# [Task objective]
Give a verbatim copy of the lines below, minus the pictures.

# [Available data]
=-=-=-=-=
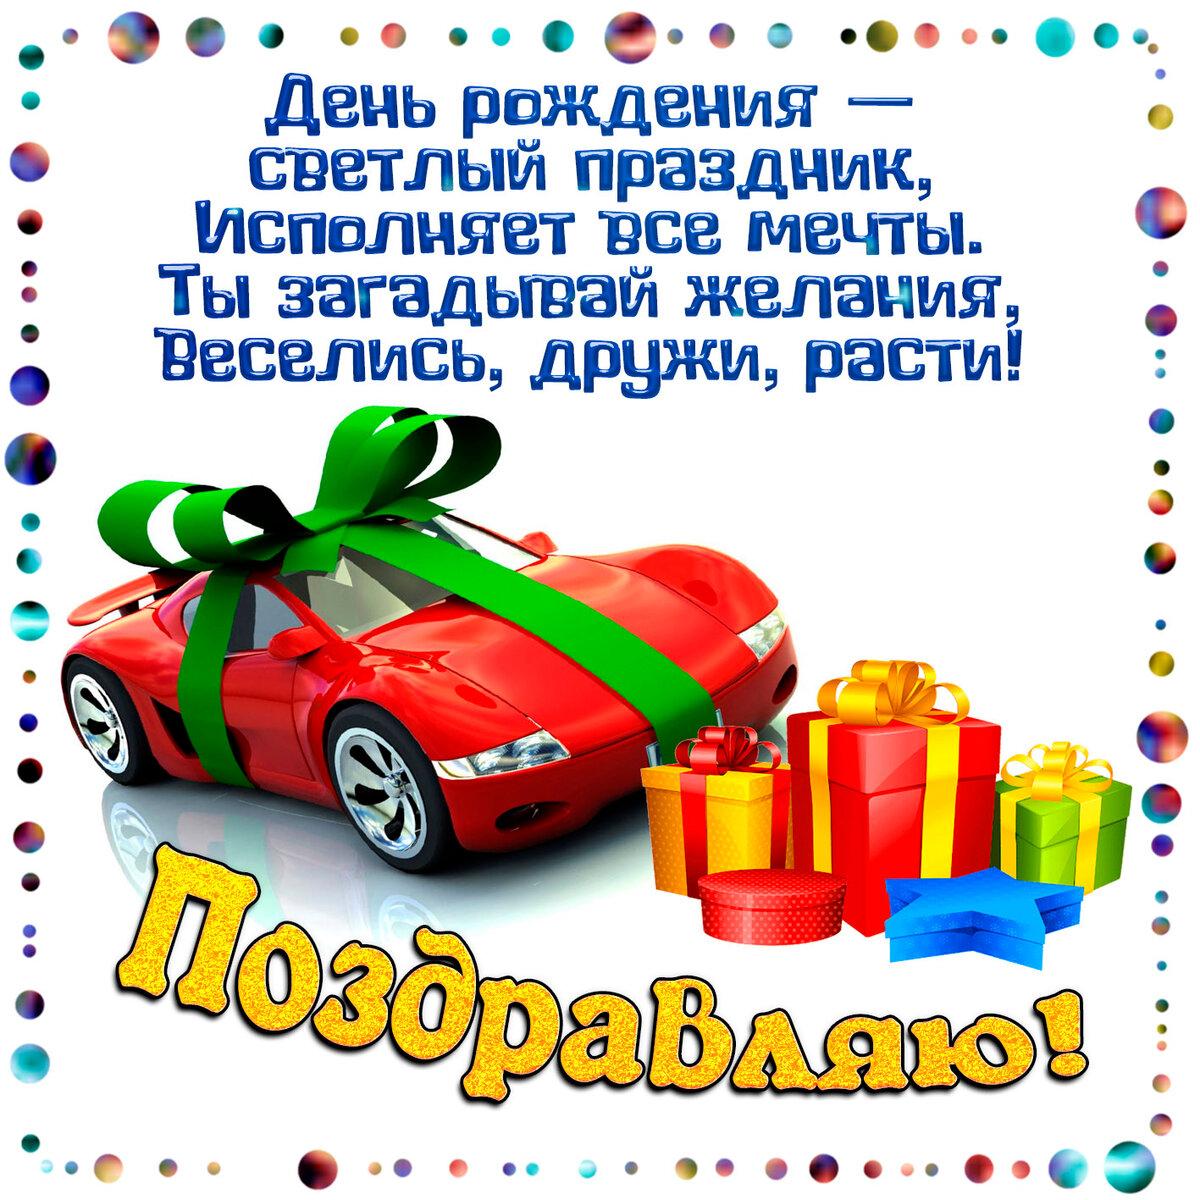 Красивые открытки с пожеланиями с днем рождения для мальчика
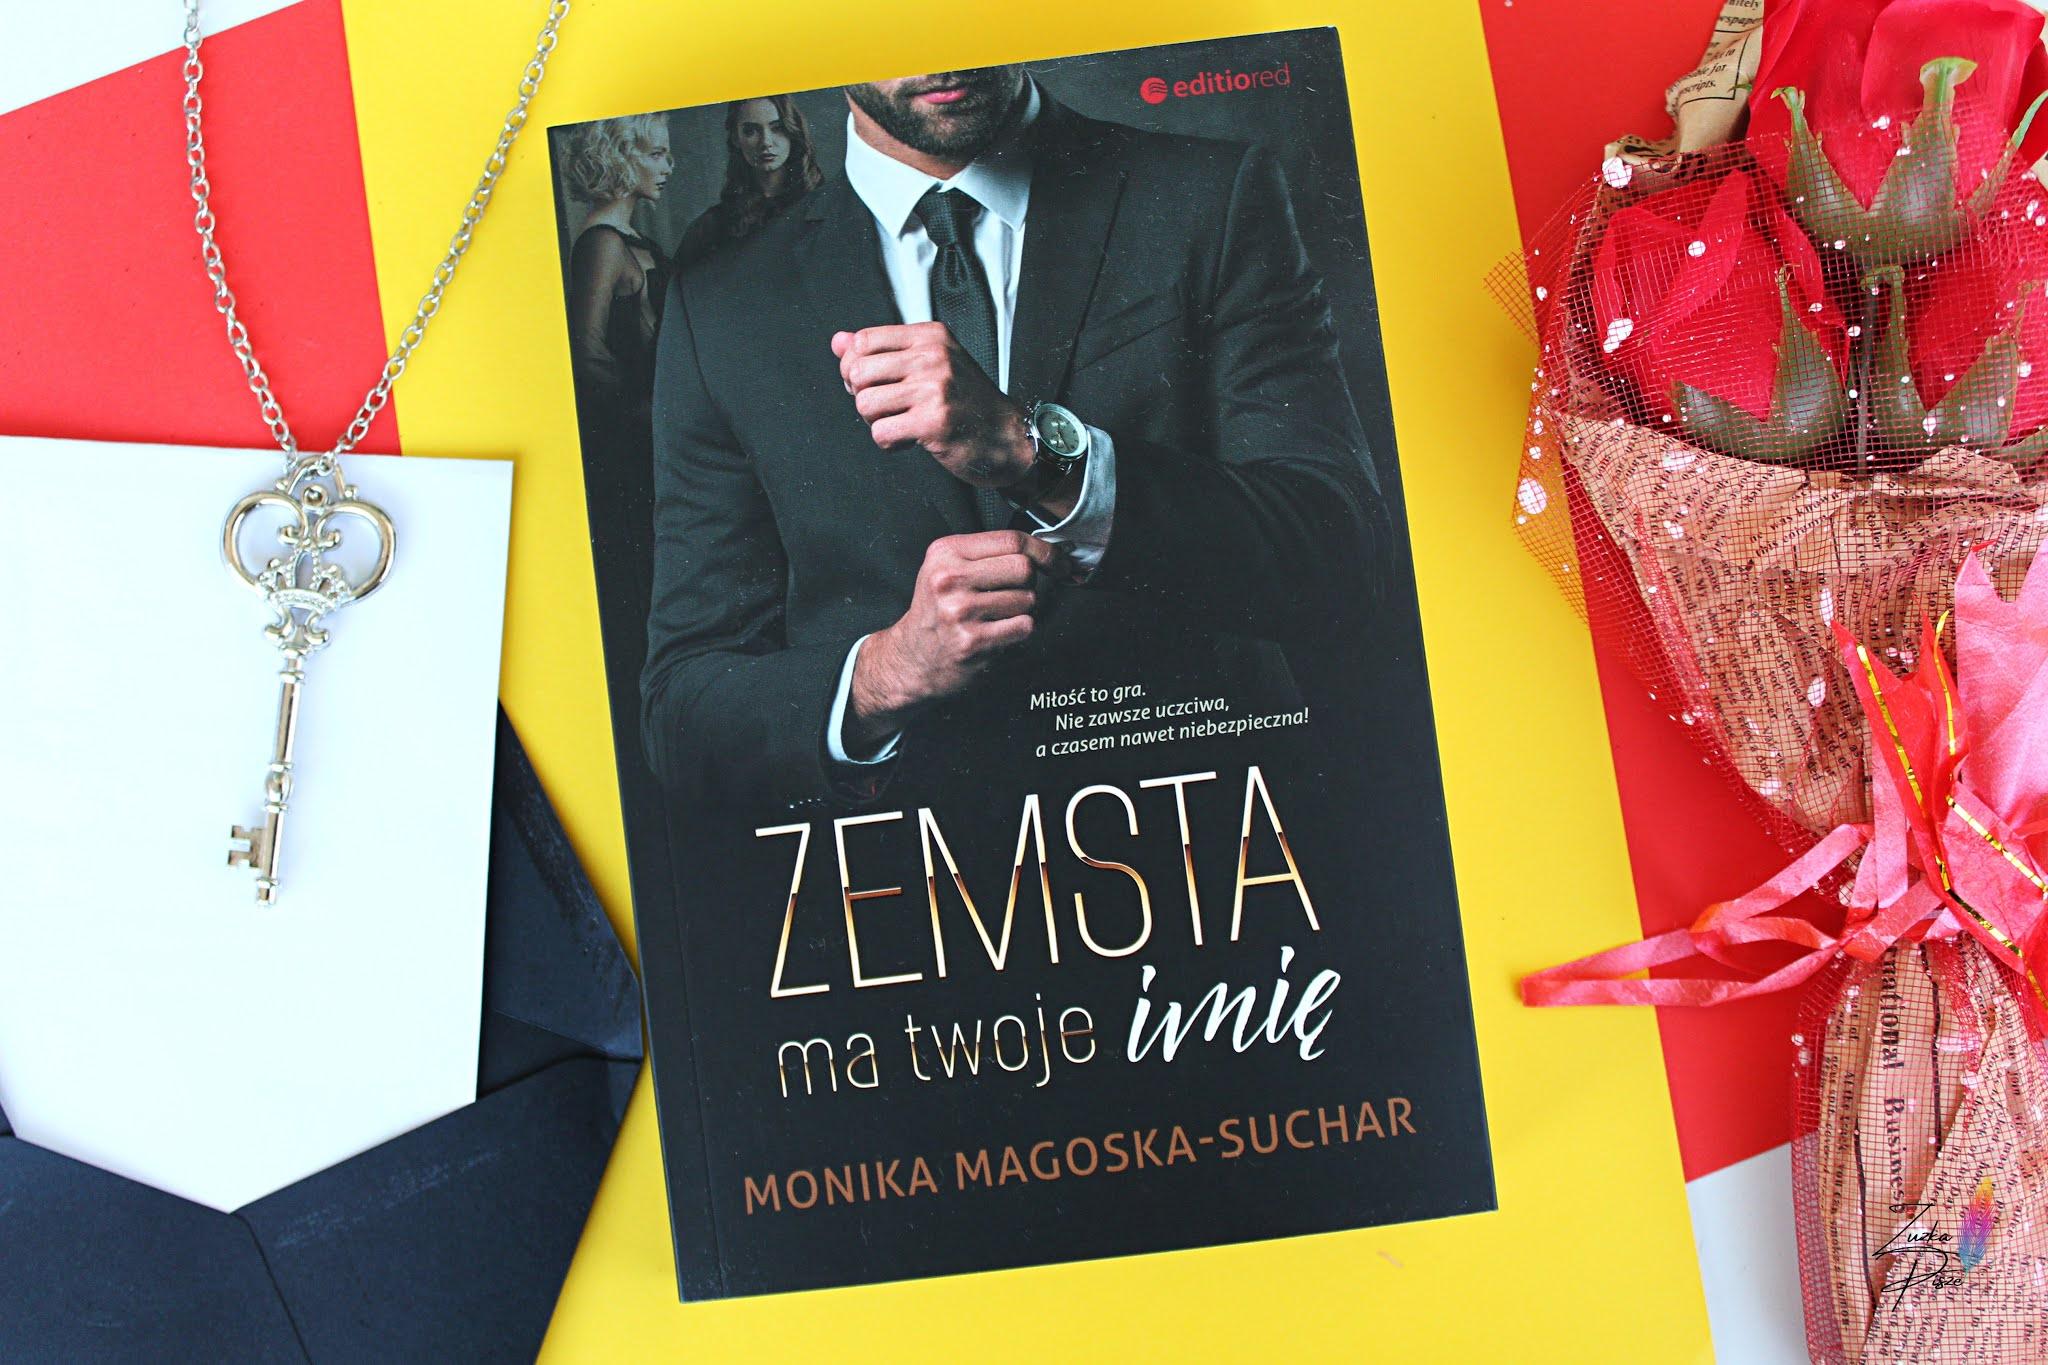 """Monika Magoska-Suchar """"Zemsta ma twoje imię"""" - recenzja książki"""
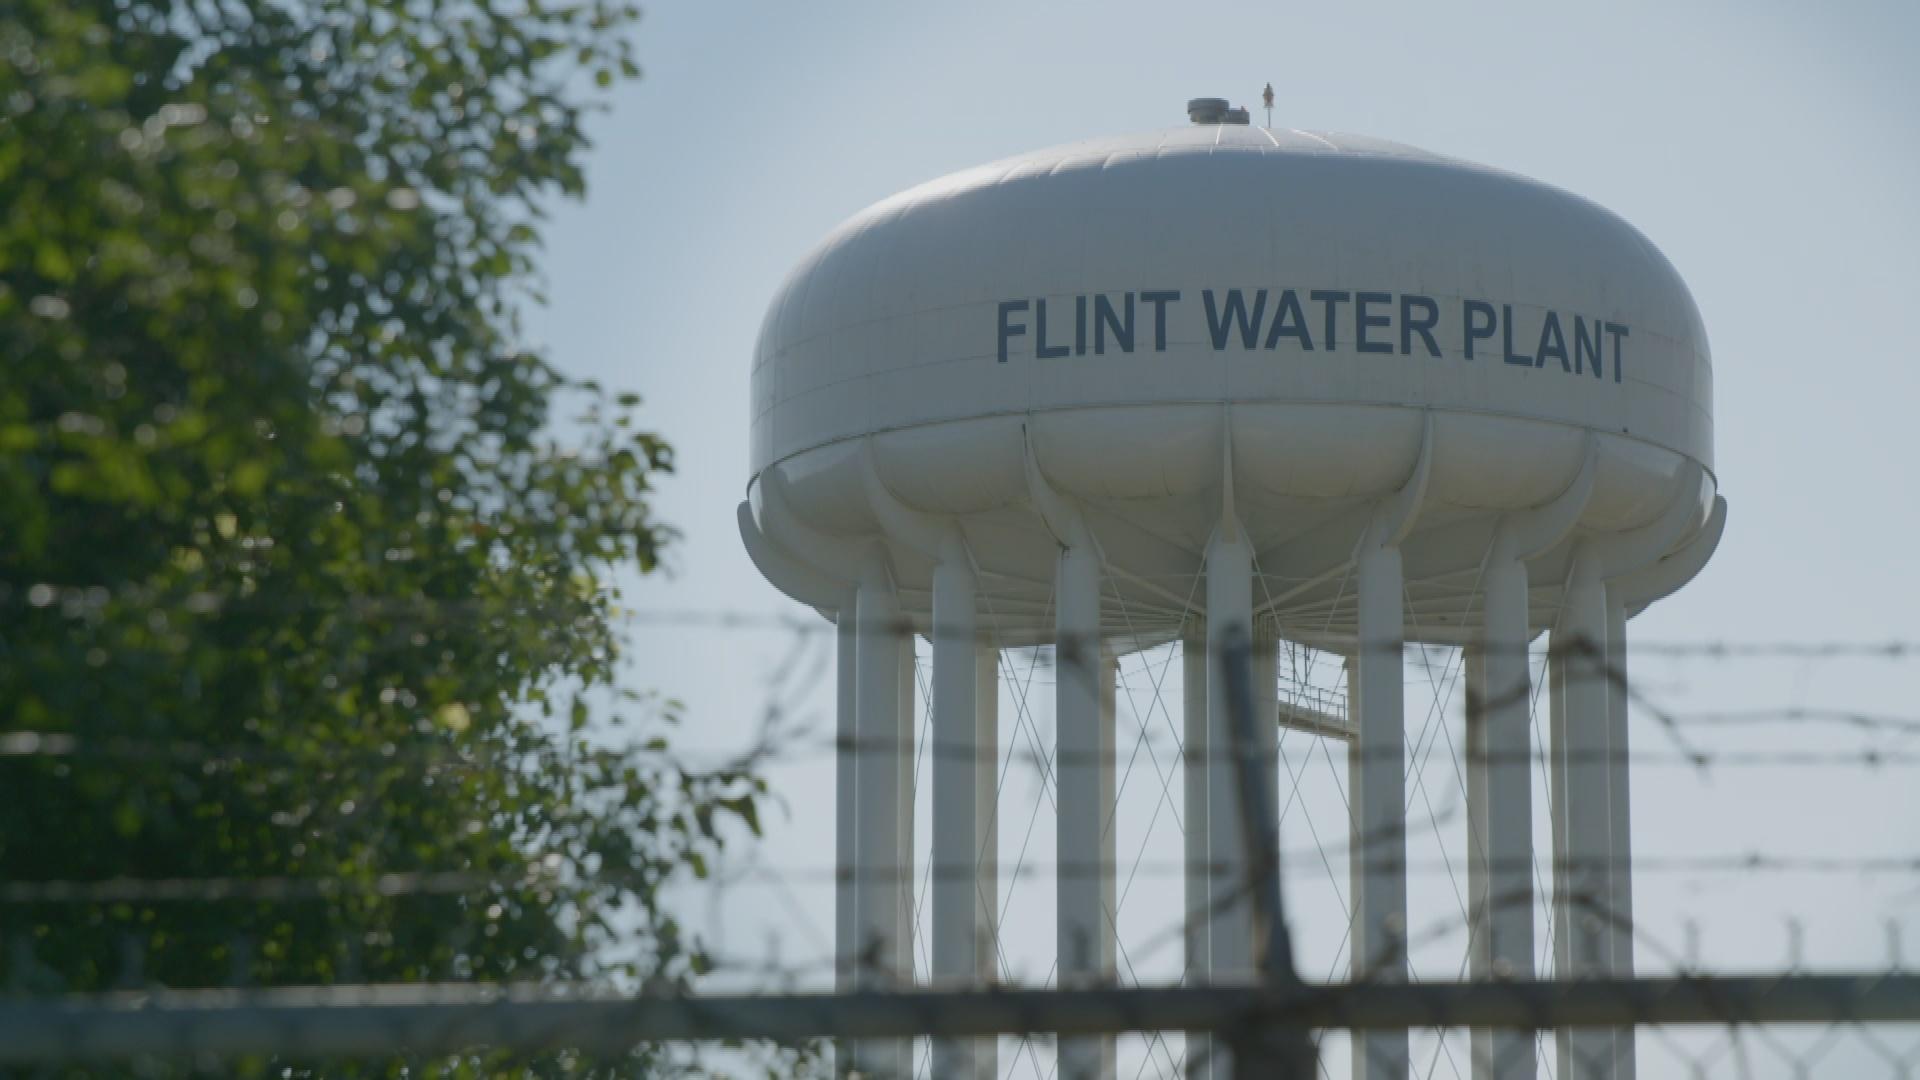 Flint's Deadly Water
=-=-=-=-=
# [Output]
 Красивые открытки с пожеланиями с днем рождения для мальчика
 """Monika Magoska-Suchar """"Zemsta ma twoje imię"""" - recenzja książki"""
 Flint's Deadly Water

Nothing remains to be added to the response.